Wednesday, May 9, 2007

Mikhail Gorbachev and the end of Communism


As a result to previous Soviet leaders shouting for totalitarianism,Mikhail Gorbachev found that these social and economic reforms brought about new ideas and information. In 1985, he called this "glasnost", which means openness. An openness to new ideas and thoughts. He used this new term to encourage Soviet citizens to improve their civilization.


This simple term brought creative new changes into the society. Churches were opened. Dissidents were released from prison. Books were published by previously banned authors. Reporters were free to broadcast their opinions. It was as if the constitution freedom of speech was suddenly released and everyone was taking what they could get.


In 1985 again, Gorbachev brought in another term called "perestroika", which means economic restructuring. This gave local managers more power to take care of their farms and factories and people more freedom to open up their own shops to provide profit for themselves. Gorbachev's focus wasn't on exterminating communism but with this new process of economic restructuring, that exactly what started to slowly happened.

Tuesday, May 8, 2007

Collapse of Communism




Communism collapsed in Eastern Europe and the USSR because concern about nuclear annhilation was thought to have not been needed.




The people tore down the Berlin Wall because the oppurtunty to invade the Soviet Union without the military close by had arisen and the diplomats took it. They wanted to profit from the financial situatrions.




Many individual flags were put up to replace the Soviet red hammer-and-sickle flag as the newly formed countries declared sovereignity. Russia itself changed its flag back to the tricolored horizontal stripes. The economic took a direct hit from all of this conflict and chaos. Under the rule of communism, people were provided for as they worked. When capitalism came to Russia, the countries split up. This separation caused people to become more dependent on themselves than others.

Sunday, May 6, 2007

Creation of Israel











Zionism is the establishment of a Jewish state which gave the belief that Jews have a national privilege on Palestine, and the State of Israel has a right to discriminate against non-Jews (or against Jews) in order to maintain the Jewish nature of Israel.

Since most Arabs had rejected the U.N. partition because they wanted to keep their land as their own this then led to the acceptance of the Jews. On May 14, 1948, Israel was declared as an independent state. President Truman alongside the Soviet Union seemed to have supported this declaration but not all seemed to take this new change so lightly.


The Palestinians found it humiliating that the Jews had just come and taken their land. They found it wrong how they had been forced out of their homes. The Palestinians showed their disapproval with a vengeance.





The day after their independence was declared, Israel was ambushed by the Arab states and Palestinians.

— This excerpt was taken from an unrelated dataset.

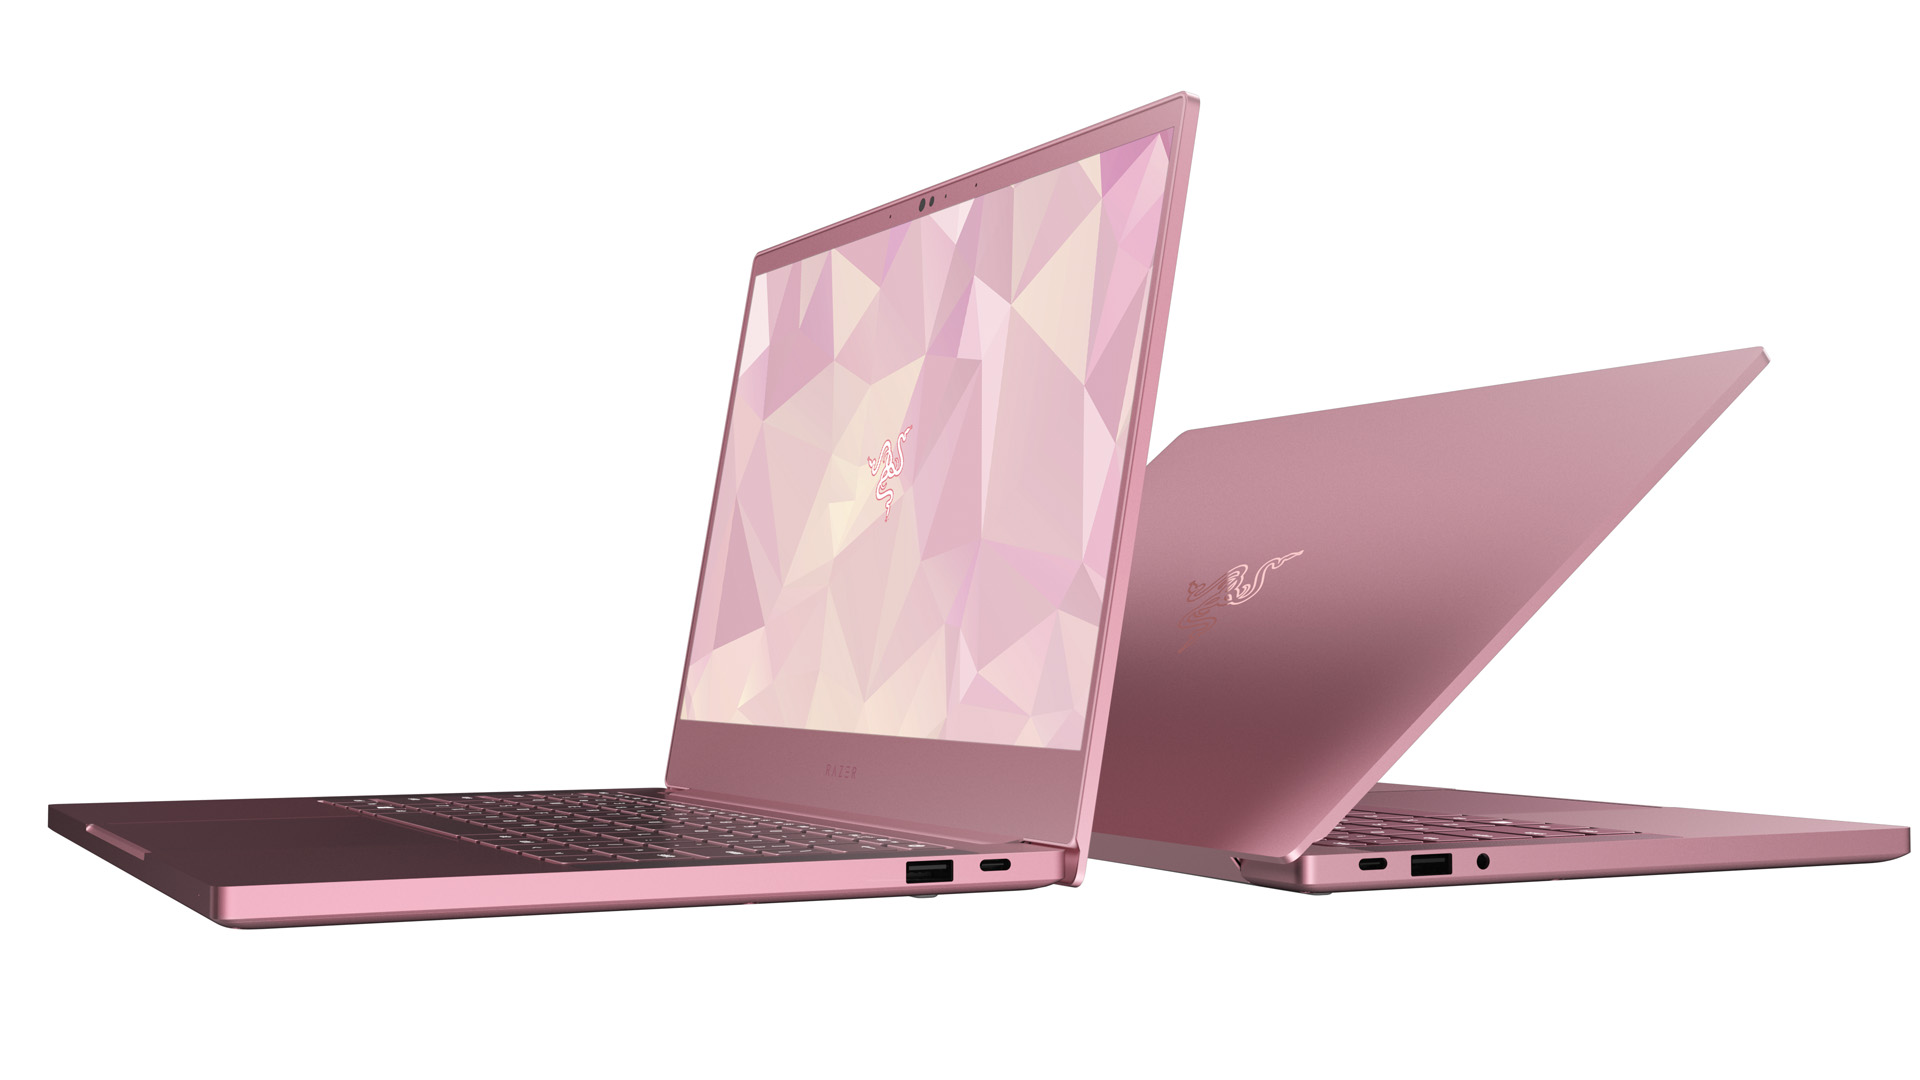 Sakura Pink Razer Laptops & Keyboards Are Out Now, And They're Badass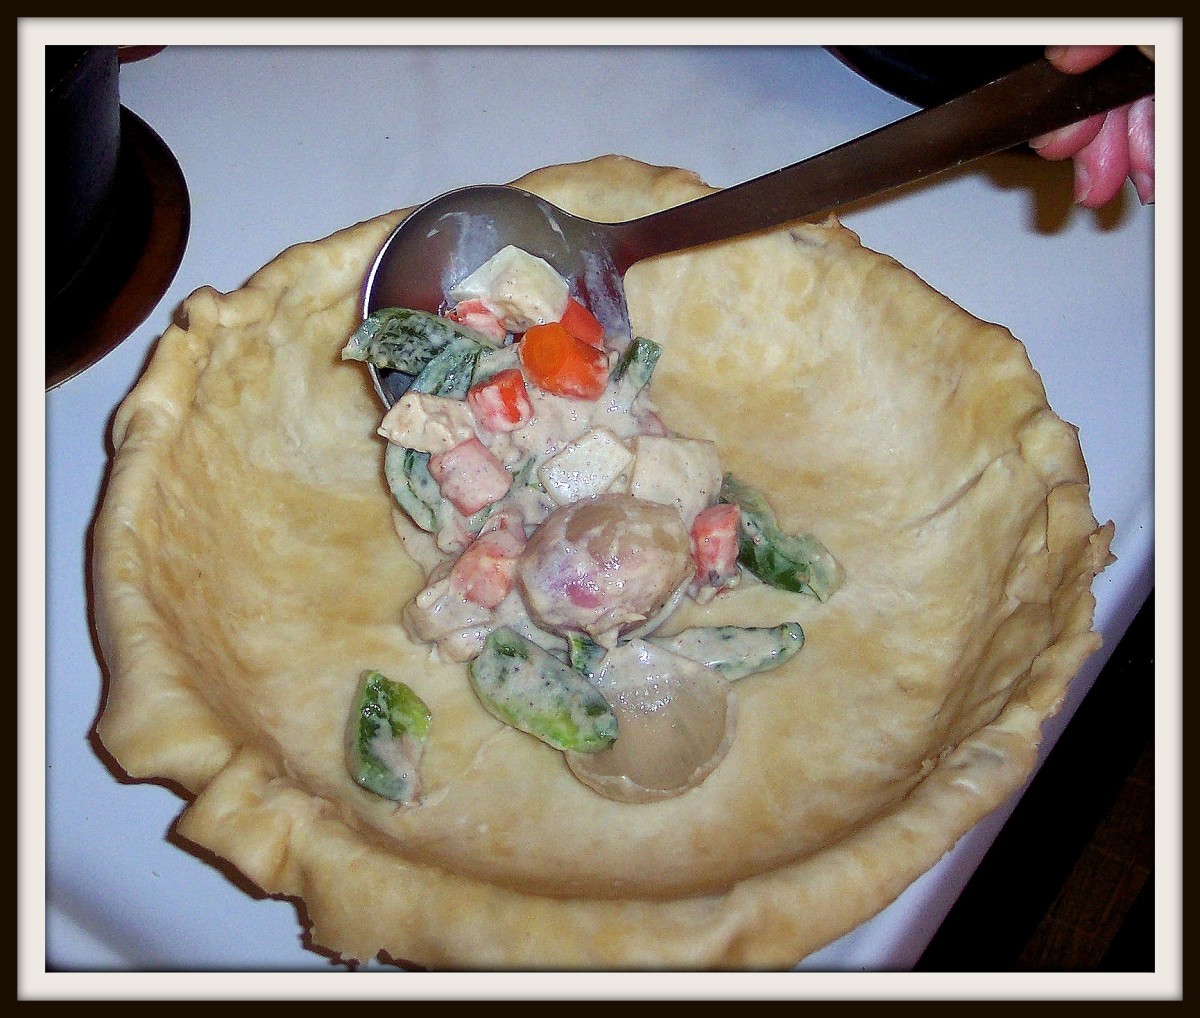 chicken-potpie-with-veggies-in-a-white-sauce-the-ultimate-comfort-food

After this brutal ambush came a major Middle Eastern war that existed between the Jews and the Palestinians. The Jews stood alone in their fight against the many for the Holy Land. Upon hearing the news of imperialism, others began to join forces against the Jews. There was Jordan, Syria, Lebanon, Iraq and Europe.



After the 1948 war, Israel had increased to about 8,000 square miles of Palestine which decreased the Arab lands that had been in the 1947 U.N. partition by about 50 percent. Jerusalem was divided, with Arabs on the east side of the Green Line and the Jews on the west.

Wednesday, May 2, 2007

Nelson Mandela and Apartheid

Apartheid is a discrimination and individualization of people of different races.
The word "apartheid" was created in the late 1930s by the South African Bureau for Racial Affairs (SABRA). It was first put into action in 1948, when the Afrikaner National Party gained power under Prime Minister Malan.

After the apartheid was upheld international pressure for the changes of South Africa's racial policies grew, and in October 1989 President de Klerk permitted antiapartheid demonstrations. This was followed in 1990 by the abolition of the Separate Amenities Act, and a new constitution was also promised by the South African government.






In this same year came Nelson Mandela, who was a leading figure in the African National Congress (ANC) in 1964, was released from prison on Feb. 11, 1990 after 27 years and was later elected president. In 1991 the remaining major discriminating laws that supported apartheid were terminated, including the Population Registration Act of 1950.


In February 1993, Mandela and de Klerk agreed to form a government that embodied national unity, despite race or color. The elections were held in April 1994, with the ANC winning 62% of the vote and Mandela becoming president. After Mandelas' win, South Africa rejoined the Commonwealth in June 1994, and a committee was set up to start a new nonracial constitution. In 1995 a Truth and Reconciliation Commission was appointed to investigate human-rights abuses that had taken place during the time of the apartheid.